At a private ceremony last weekend, the congregation dedicated the chapel and honored the 11 people killed in the massacre, with a particular tribute to three of its own members who had served as “the religious heart” of New Light, congregation Co-President Stephen Cohen said.
New Light was one of three congregations targeted at the Tree of Life synagogue building on the Sabbath morning of Oct. 27, 2018, by a gunman who authorities say spewed antisemitic hate online and at the scene.
The chapel, and New Light’s cemetery, are located in this small suburb several miles north of Pittsburgh’s Squirrel Hill neighborhood, where the congregation has worshipped for decades. The congregation opened the chapel to a media preview on Wednesday.
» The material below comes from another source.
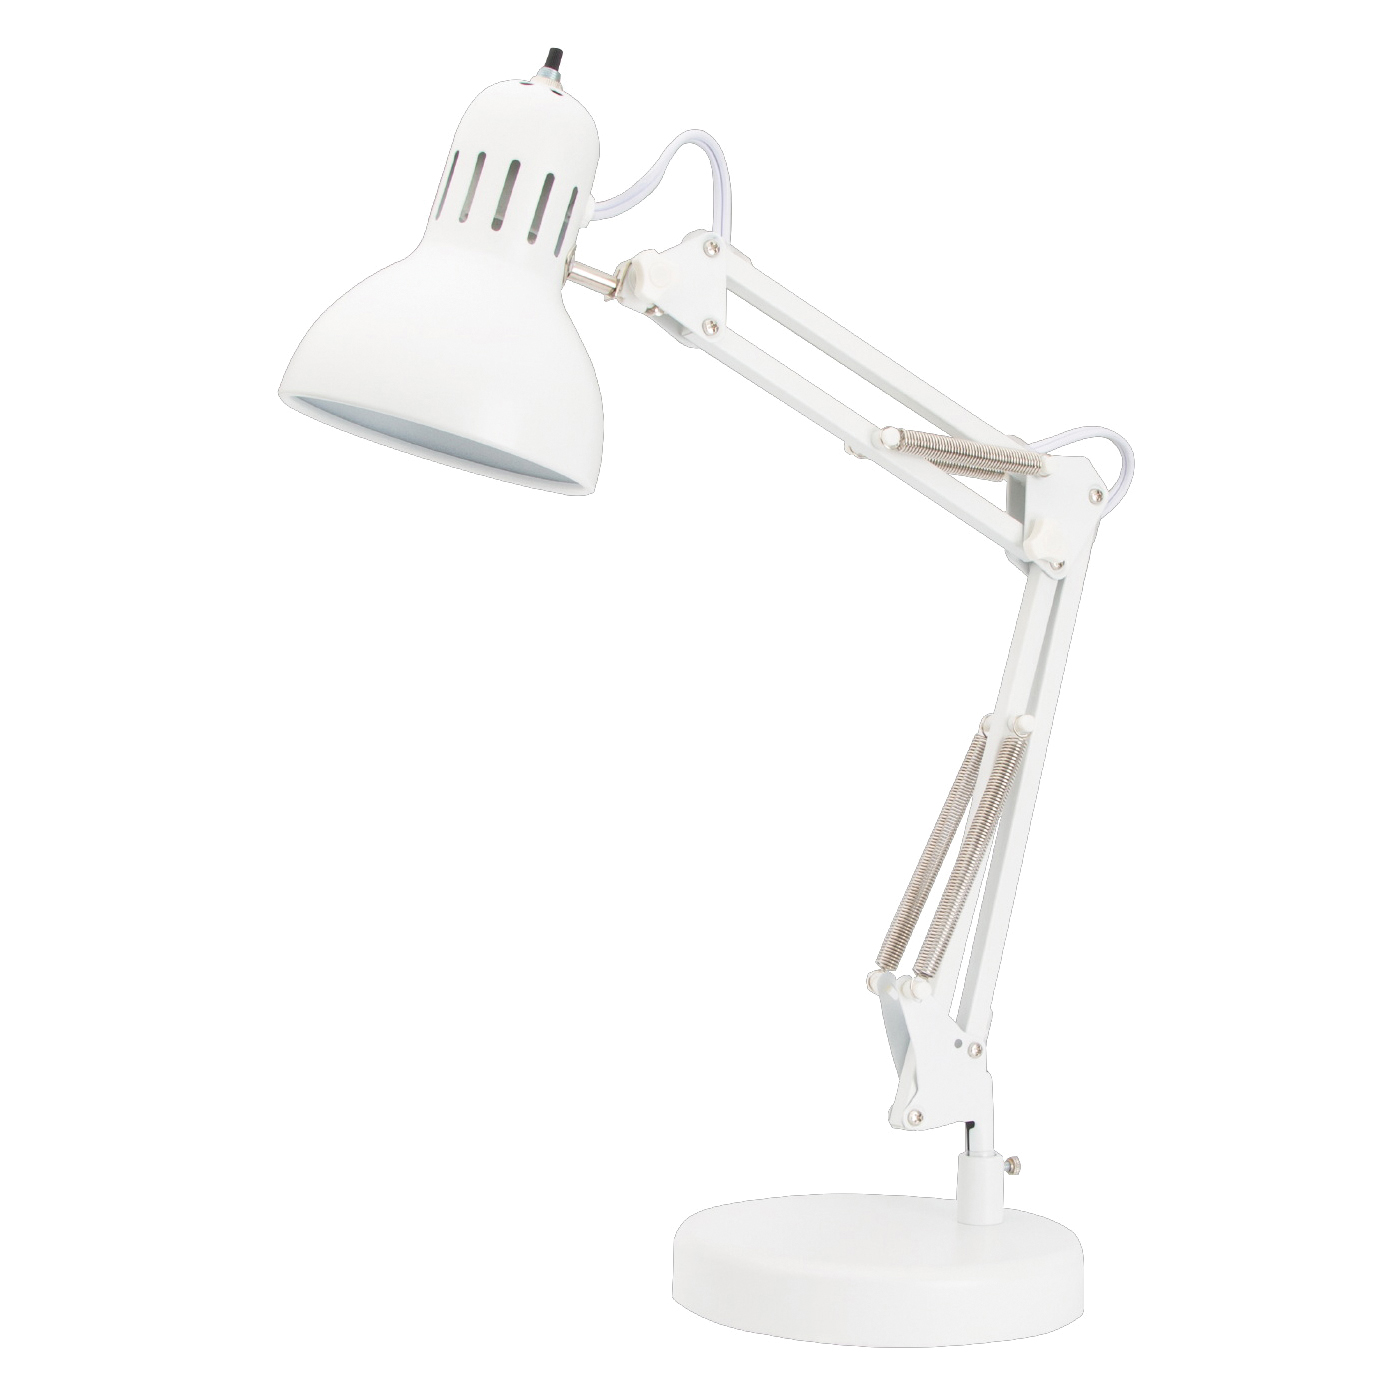 Boston Harbor TL-WK-134E-WH-3L Swing Arm Work Lamp, 120 V, 60 W, 1-Lamp, A19 or CFL Lamp, White - 1

The New Light Memorial Chapel includes a display of religious items that had belonged to the three martyrs — a shofar used by Richard Gottfried for High Holy Day services, a travel prayer book used by Melvin Wax and a biblical study guide used by Daniel Stein.
The three “were our leaders for the most important aspect of congregational life,” Cohen said.
The chapel includes displays about New Light’s founding by Romanian immigrants fleeing 19th century antisemitic persecution. And it includes a stained glass window that has three stars honoring Gottfried, Stein and Wax and that depicts a scene from the Torah passage that would have been read on the morning of the attack.
An adjacent window includes eight more stars honoring the victims from the Tree of Life and Dor Hadash congregations, which were also meeting in the building at the time of the deadliest antisemitic attack in U.S. history.
“It’s very meaningful,” said Carol Black, a survivor of the attack and sister of Gottfried. “It’s a wonderful tribute to the three people that we lost.”
The chapel also gives the congregation a sanctuary to call its own. It had sold its own building in 2017 as part of a downsizing and has since met in rented space, first at Tree of Life and now at another nearby synagogue in Squirrel Hill, where many of the congregants live. But the cemetery chapel will be available for funerals, special events and anyone wanting to see the memorial and and historical exhibits.
“It’s wonderful that we have something that’s ours,” Black said.
The three victims are buried in the cemetery, where a memorial marker honoring them as “holy martyrs” was dedicated in 2020.
“The true, lasting legacy to Rich, Dan, Mel and the eight members of the other two congregations is not just physical memorials such as this building, but to accept that we have an obligation to teach future generations about the roots of antisemitism in America,” Cohen said at the dedication. “Only by understanding the past can we change the future.”
The suspect in the shootings faces an April trial date.